How bout try hunting without a bait pile


----------



## FowlTalker6 (Jul 21, 2006)

hey bretts......who said anything about hunting over a bait pile? I must have missed it, because I don't see anywhere on this post that someone mentioned hunting over a bait pile! what difference would it make anyway? if you can't give an answer to someones question, don't post.

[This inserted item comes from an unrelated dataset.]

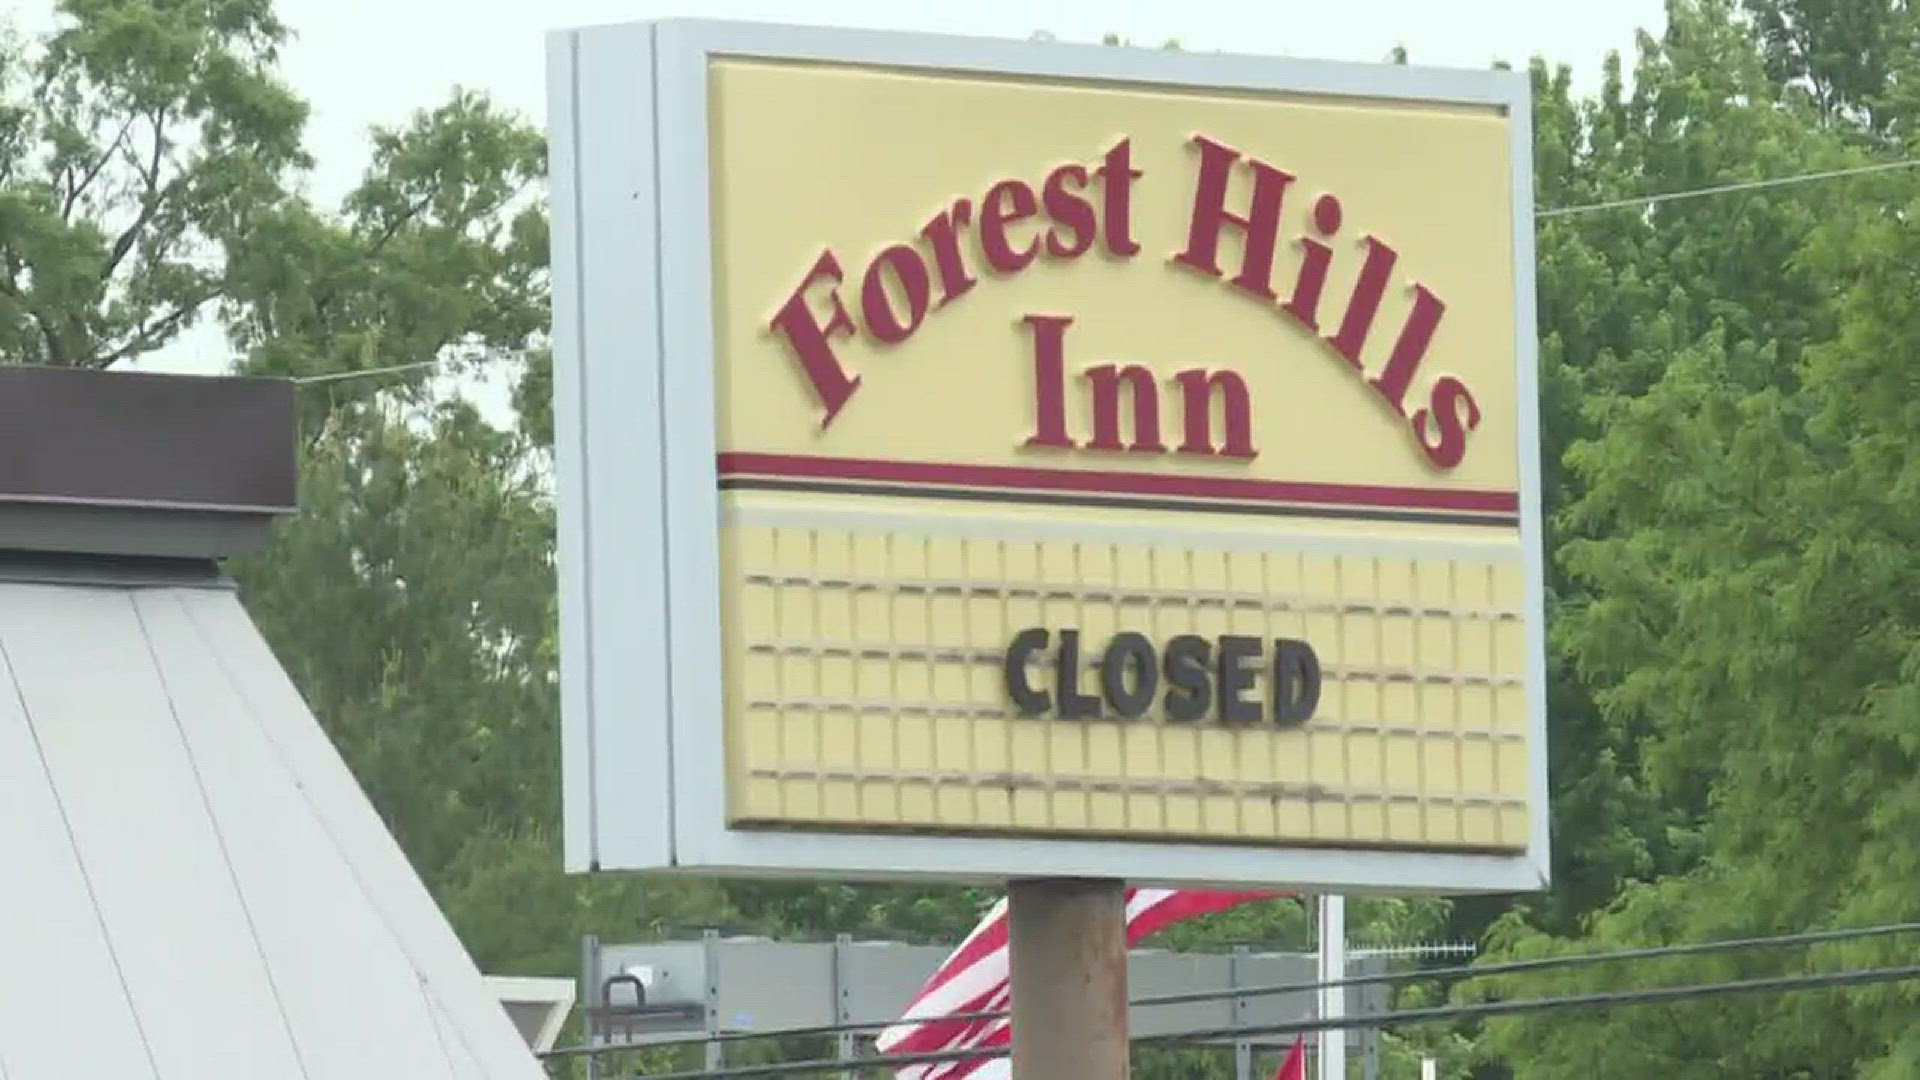 Construction work is finally underway on old Forest Hills Inn restaurant in Grand Rapids Township.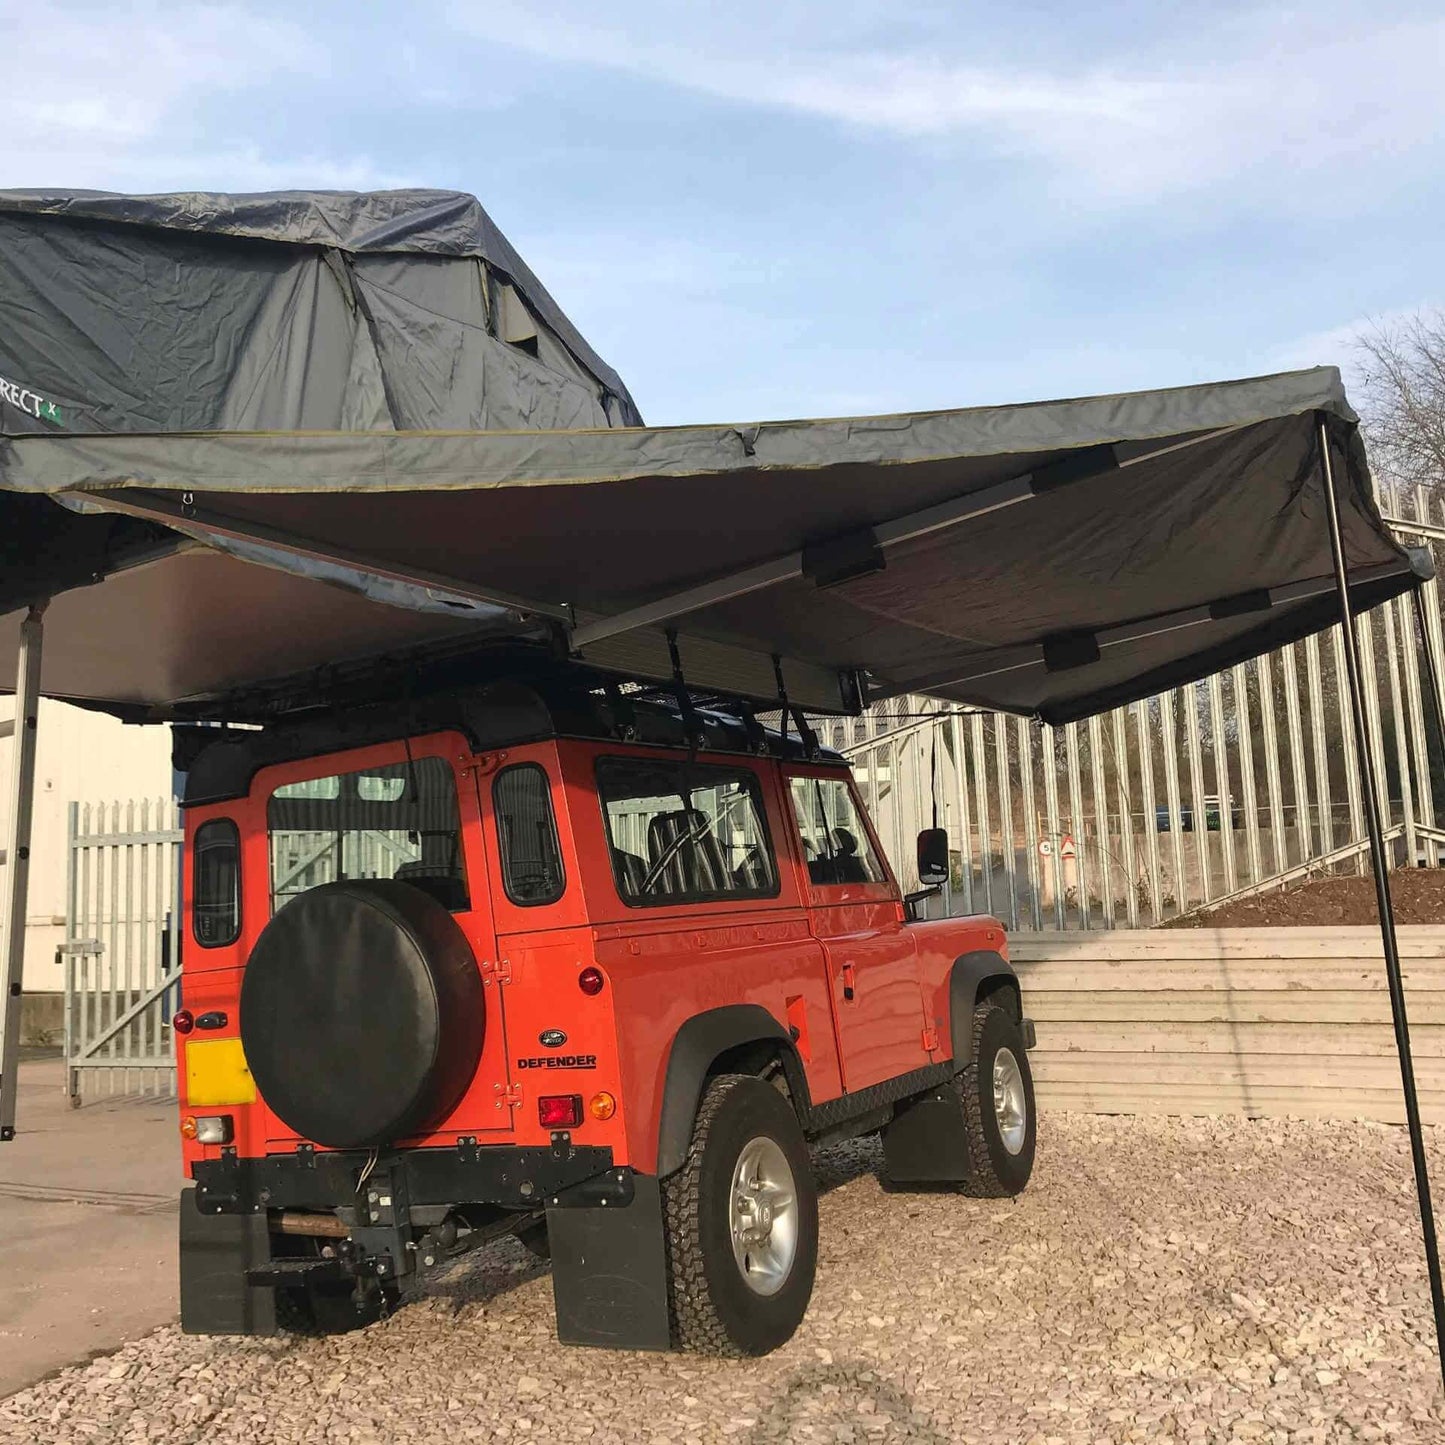 180 Degree Granite Grey Overland Expedition Foldout Vehicle Camping Side Awning -  - sold by Direct4x4

I have been using the stuff and spraying it on everything out there, trees, grass, alfalfa and put out some powder too. no deer have stopped to eat it or even stop long enough to make it look like they are even giving it any serious thought. The powder pile is still there.....and for you skeptics out there.......there are 15-20 deer in the alfalfa field every night....they just walk right by the stuff....for 20 days now....they don't have an interest in it yet........that may change when food sources become more scarce.......but for now they could care less if it is there or not........


----------



## duckslayer (Oct 30, 2003)

The c'mere deer is an "attractant" as is doe urine or buck urine. Its the smell that drives them nuts, not the taste.


----------



## FowlTalker6 (Jul 21, 2006)

i disagree........i don't think it is attracting them one bit......and according to the manufactures advertisements and Hank Parkers endorsement......they are supposed to devour the stuff.......personally....i don't see it doing either of them..........attracting deer or having them devour the stuff..........i just don't see it working in any way......and i have tried it around natural food sources, in the trees, CRP and trails to and from bedding and food sources........just doesn't seem to do much for me in the way of attracting deer.............i wouldn't recommend the stuff as i have not seen any postiive results, but, i also need to add that i have not seen any negative results either......it sure doesn't scare them away either.........just think there are better products out there than this stuff........


----------



## bretts (Feb 24, 2004)

I just don't buy into that stuff. Hank Parker is just in it to make a buck. Some of the things that get pushed as a "great" product these days just make me laugh ex. Deerview mirror...haha In my opinion it's just some more sh$t to drag into the woods. Don't get me wrong some things that have been made in the past few years are great...but where do you draw the line with some of these products?


----------



## MikeCF (Oct 27, 2006)

This stuff is garbage and I have proof. I have video of a pile of corn and a pile of c'mere deer side by side. The deer actually step in the pile of c'mere deer to eat the plain corn. I know a lot of people all over the county that have tried this gimmick and they have gotten the same results. C'mere deer is garbage and Hank Parker has lost a ton of credibilty in my eyes endorsing this stuff. People believe me, don't waste your time with this gimmick


----------



## bighunter (Oct 25, 2005)

Ive learned they dont like it on corn. But i did set up my unlces trail cam and i just dumped about 1 cup of it on the ground and a few apples around it and they dug down in the ground to it .I did put it on corn and sunflowers and they didnt like that so much apples they just lick it off so Id try that and see if that gives you a little better success.
Good Hunting
BigHunter


----------



## higgy15jh (Nov 8, 2006)

I prefer deer cane


----------



## carp_killer (Nov 24, 2006)

i took 2 identical mineral blocks and sprayed cmere deer on 1 and nothing on the other and put a trail cam up out of 76 pic 2 were eating on the cmere deer block dont waste your $


----------